The Housing Finance Policy Center’s latest credit availability index (HCAI) shows that mortgage credit availability declined to 5.1 in the second quarter of 2017, after reaching a recent peak of 5.4 in Q1 2017.
This decline was mostly driven by a shift in market composition, with the government channel losing market share to the portfolio channel, where lending standards are tighter, according to the Urban Institue, publisher of the report. In the meantime, credit continued to expand within the GSE and government channels, thanks to higher interest rates and lower refinance volumes.
The HCAI measures the share of home purchase loans that are likely to default—that is, go unpaid for more than 90 days past their due date. A lower HCAI indicates that lenders are unwilling to tolerate defaults and are imposing tighter lending standards, making it harder to get a loan. A higher HCAI indicates that lenders are willing to tolerate defaults and are taking more risks, making it easier to get a loan.

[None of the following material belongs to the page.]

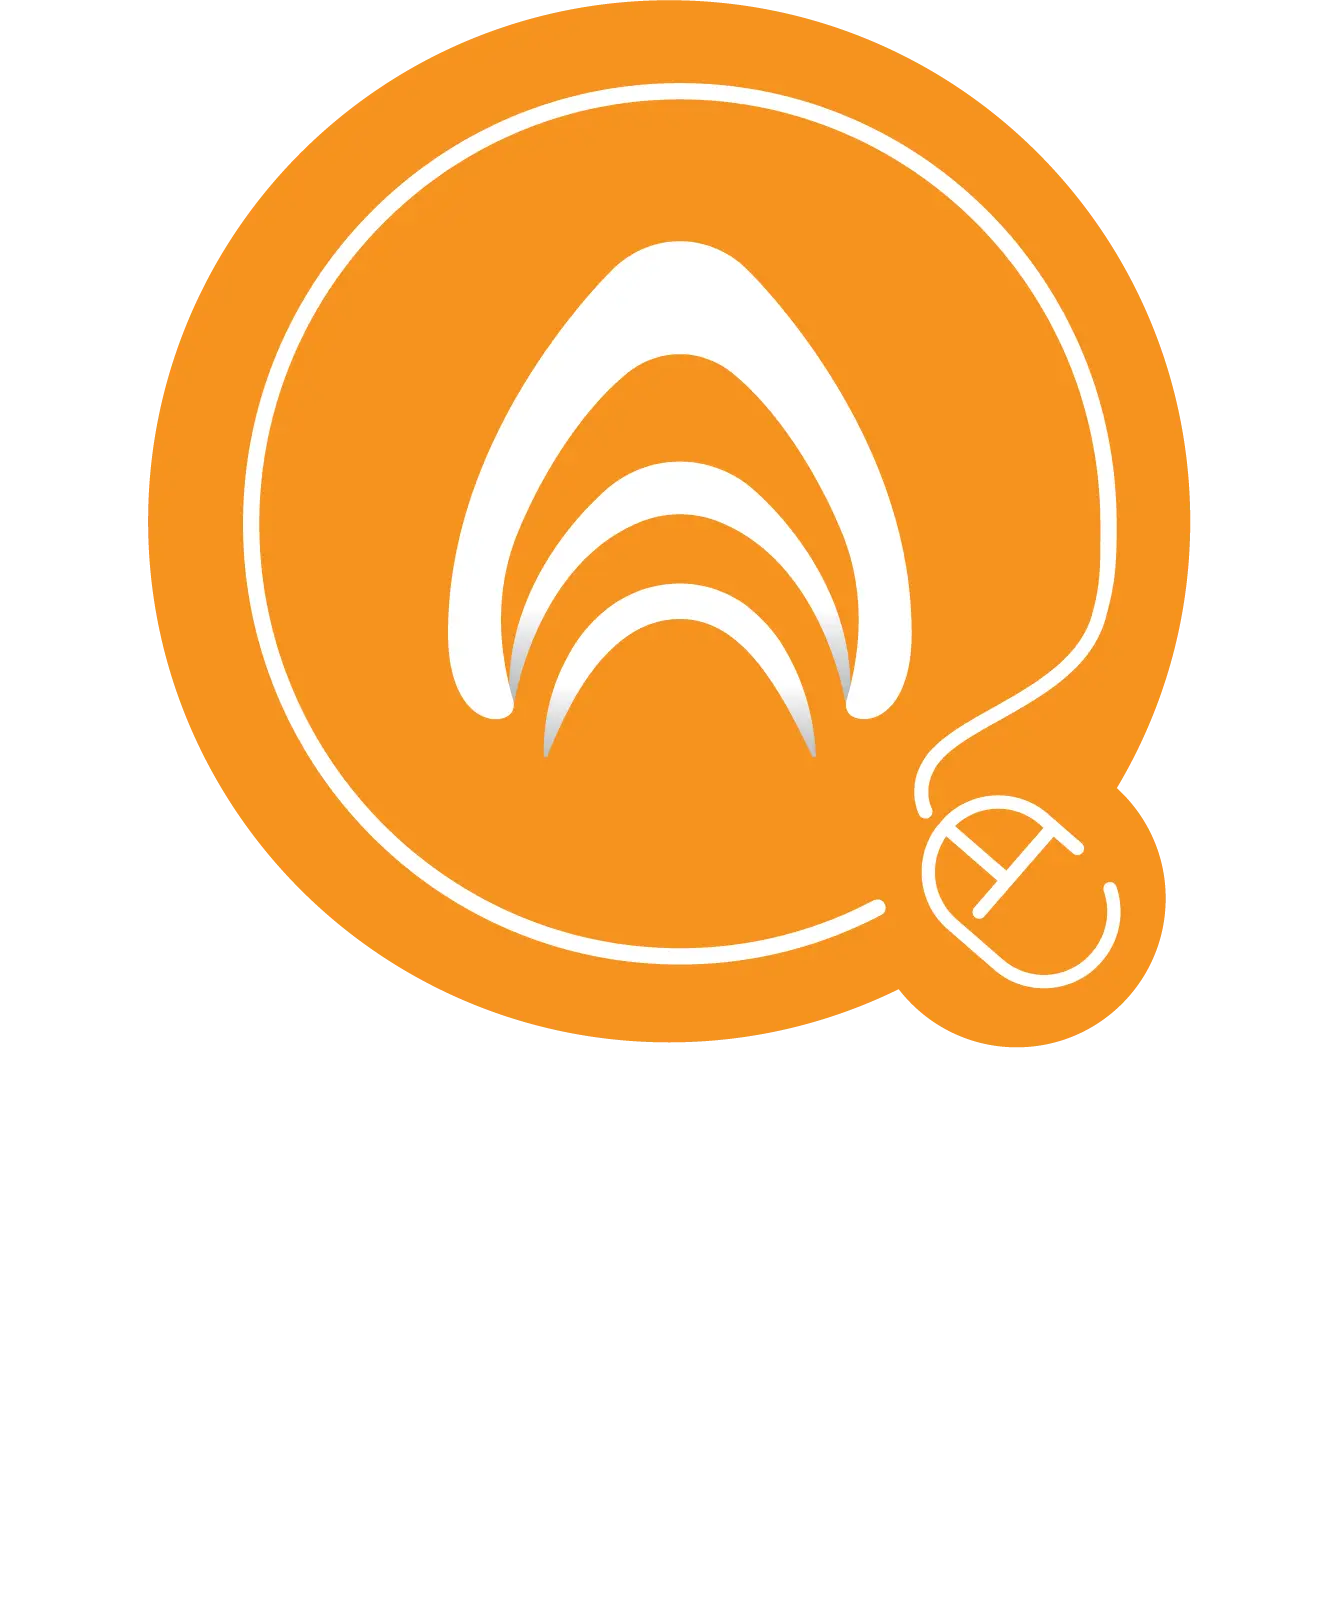 Apollo elogistics
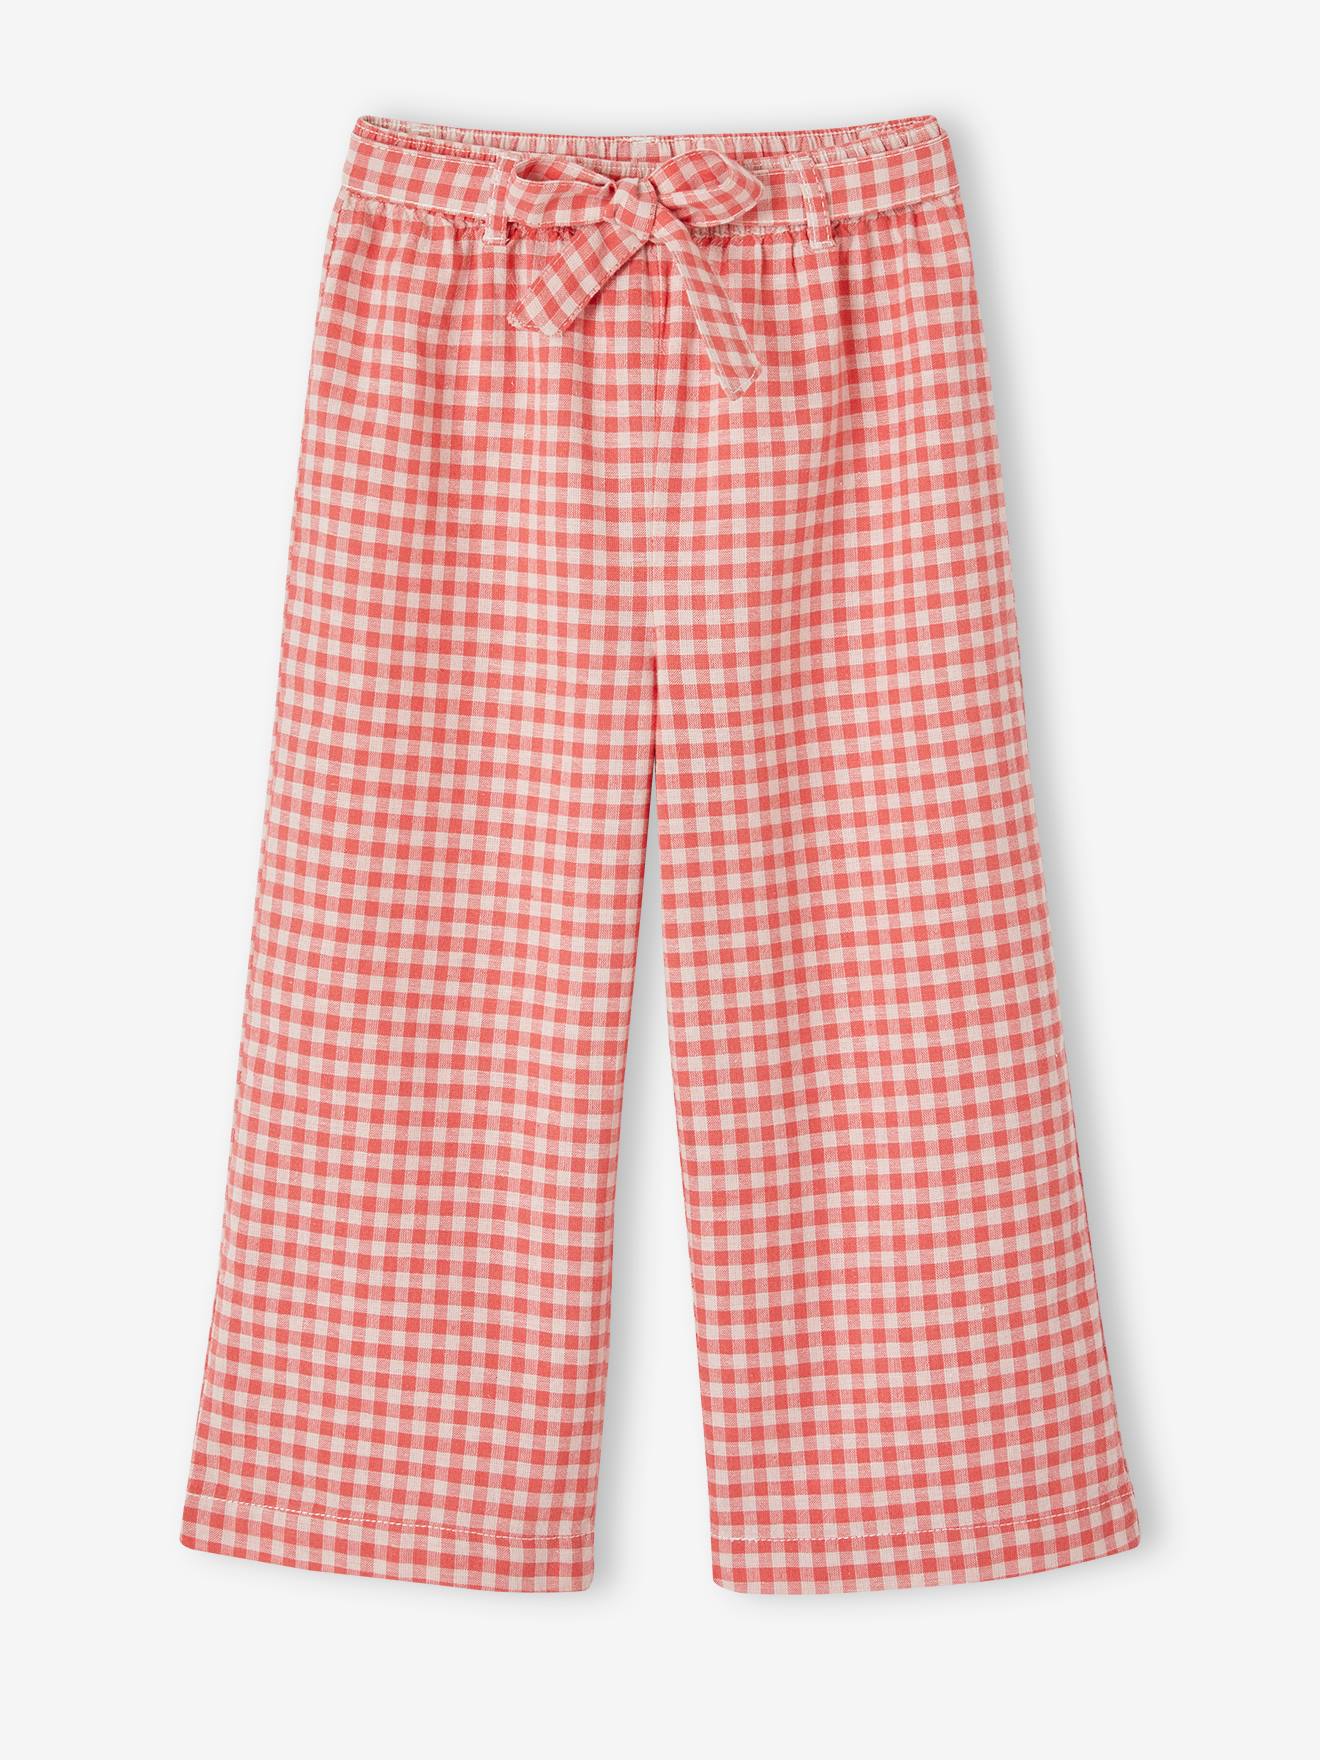 VERTBAUDET Pantalón pesquero ancho estampado para niña cuadros rojos

Mortgage credit availability in the government-sponsored enterprise (GSE) rebounded to 2.4 since its low of 1.4 in 2011. Both the government (FVR) channel and portfolio and private-label securities (PP) channel remain close to or at record lows. The FVR channel includes the Federal Housing Administration, the US Department of Veterans Affairs, and the US Department of Agriculture Rural Development programs.
Significant space remains to safely expand the credit box, according to the Urban Institute. If the current default risk was doubled across all channels, risk would still be within the pre-crisis (2001–03) standard of 12.5 percent for the whole mortgage market.